The companies that came together to create Stats Perform have for years delivered insights directly to fans. This most often occurs through popular social media accounts. It of course addresses a short-form audience, and it’s been done in award-winning fashion.

Now we want to show what’s possible without character limits and platform restrictions. Today, we’re launching The Analyst here at TheAnalyst.com.

The questions we get from those familiar with Stats Perform are often about why we didn’t do this sooner and what we hope to accomplish.

The answer is we feel we have done this before and accomplished plenty, just not with this scale or ambition. For anything longer than a social media post, we settled for publishing on B2B sites that weren’t built for sports fans. OptaJoe is the best example of how we empowered our audience. Twitter was new in 2009. Thousands of followers turned into tens of thousands. Tens of thousands turned into hundreds of thousands. That’s now well over one million – for one sport of one country.

But when we want to go beyond that to do something a bit deeper, we’ve found few fans find written or recorded analysis on B2B sites. And social media evolves. Social media audiences age and transition. Social media audiences become new and young again on new and young platforms. We feel the best way to retain and grow the audience we’ve worked hard to build is to have a destination that’s all our own, off of which we can then promote our work on whichever social platforms endure or come next. Our audience in some ways already exists, but it happens to be scattered. With The Analyst, we’re hoping to bring it together in one place.

When STATS and Perform merged, a fan destination became feasible with the combined resources of the two companies. A substantial global football audience from the Perform side was met with a considerable U.S. sports advanced analytics group on the STATS side. When the pandemic hit in March 2020, sports stopped. We used that time to accelerate the idea. People from various parts of the business were brought together to create content teams. These people had multi-functional backgrounds spanning journalism, team performance, data analysis, data science, data viz, design, animation, and audio and video production. What they had in common was they had the desire to tell sports stories and own their work. In April, those teams started publishing on a B2B site. In September, a group was formed as The Analyst editorial team, and the process of creating a legitimate destination began. We hired zero people.

The data we gathered in those months about our data-led stories also pointed us toward this decision. If we were going to commit to creating this content, we were going to do it properly and give it a proper home. In the past, we were publishing content geared toward fans on sites that weren’t.
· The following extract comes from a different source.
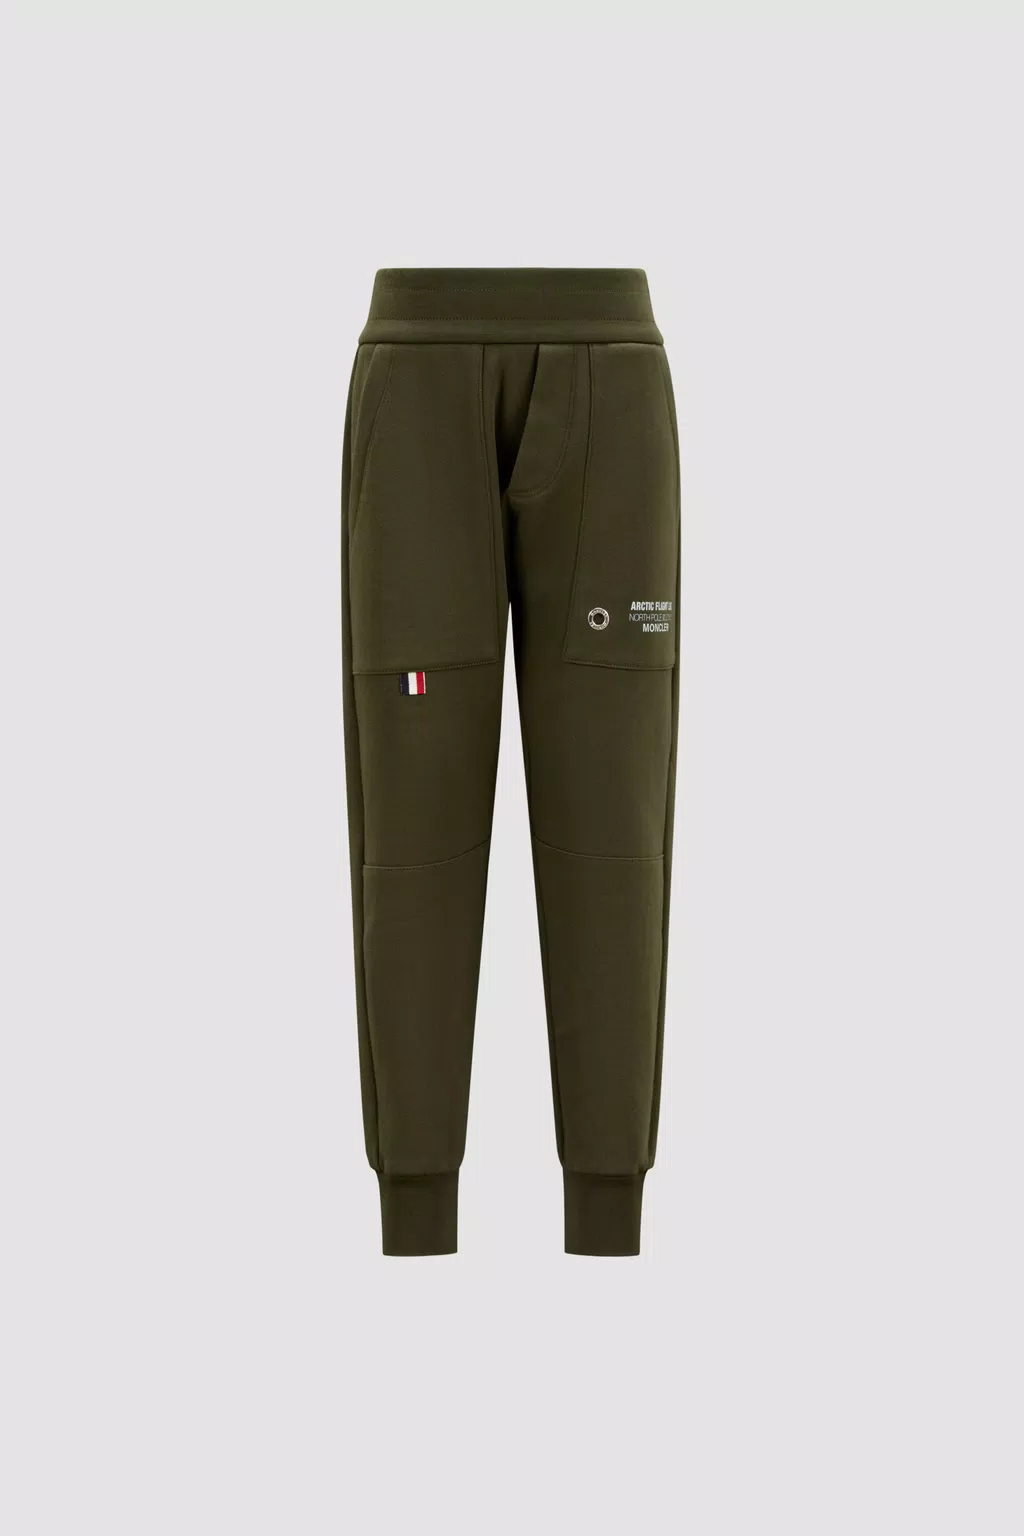 Pantalones deportivos suaves Niño Verde Bosque Moncler 1

The Analyst is built to suit fans and drive the sports industry forward the way we know best.

This is a big decision for a company that’s been built to do something different, but the data we have lends itself perfectly to that storytelling world, and, having a team of people who have worked with it for years, we figure we’re some of the best people to tell those stat-centric stories.

We’re not here to do something another outlet is doing. We don’t expect fans to visit The Analyst for daily stories on the health of Virgil van Dijk’s knee. We’re not staffed for that and others do it better than we would. We don’t expect you to come to The Analyst for fixture or schedule listings or traditional tables and standings. Don’t expect traditional news coverage from us. You’ll infrequently see us at games or press conferences.
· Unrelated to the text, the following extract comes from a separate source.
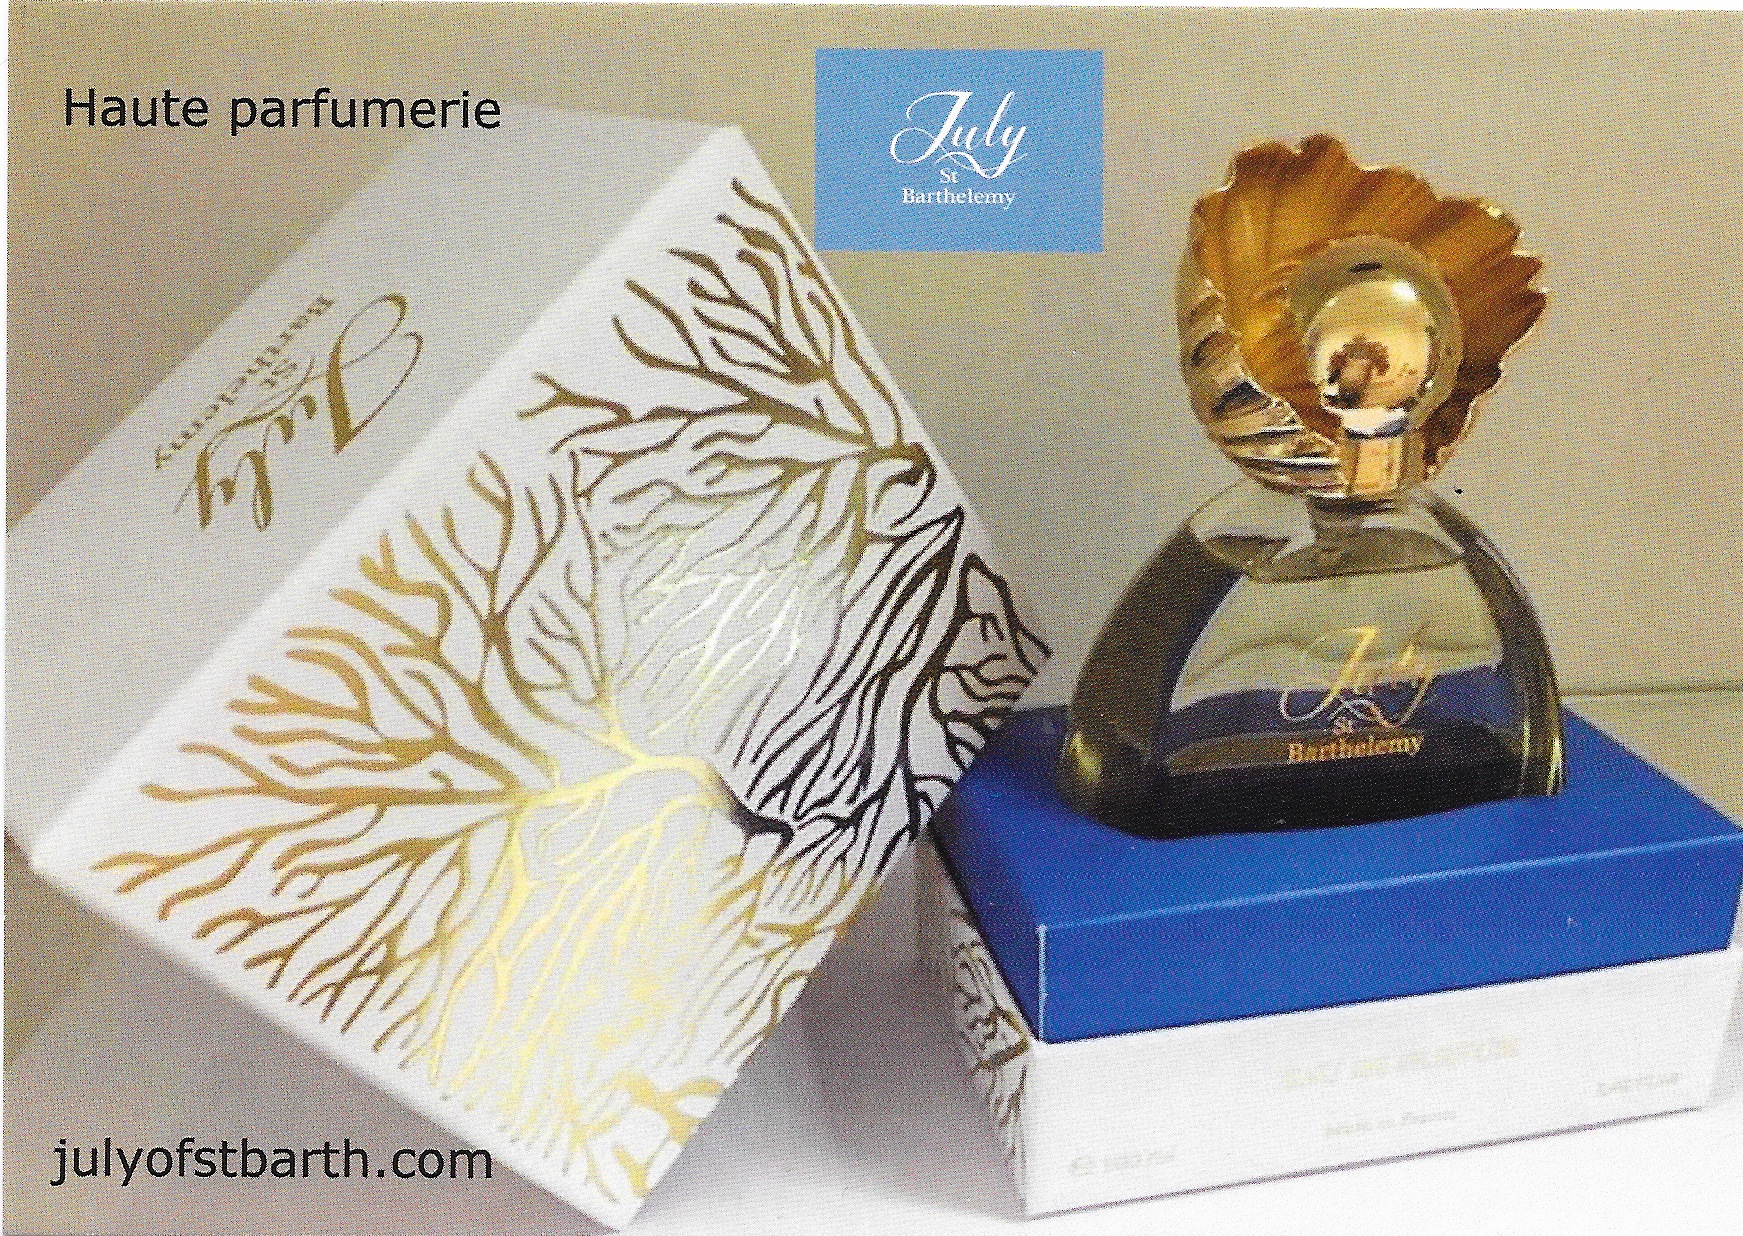 July St Barthelemy Haute parfumerie France carte parfumee perfumed card

Rather, we’re going to look at numbers and tell you how those numbers tell the secret story of sport. We’ll do that with the traditional written word. We’ll do it with podcasts and video. And we’ll do it through data visualizations. With varying levels of focus, we’ll craft stories about global football, American football, basketball, baseball, cricket, rugby, golf, hockey and – soon – tennis. Certain pieces will use traditional stats you may have grown up seeing in your newspaper. Others may rely on advanced or predictive data.

Whichever medium, whichever sport and whichever method of measurement, we would like that work to be compelling enough to attract those innovating in our industry but comprehensible enough for the average sports fan to share in group chats. The use of more data doesn’t need to be a lecture.

We will be transparent about what we choose to write about and not write about. We will be forthright about Stats Perform’s involvement as a parent company, but we will be managed by individuals whose responsibilities lie with The Analyst. We’ve built the team, the site and our editorial practices to act as a source of information that fills what we see as a gap in sports media. We are here to educate, inform and – much like the sports that draw our interest – entertain.

This is the first day the site is live – one year to the day from our first team meeting to explore the idea. Thanks for reading, and we hope you’ll visit again.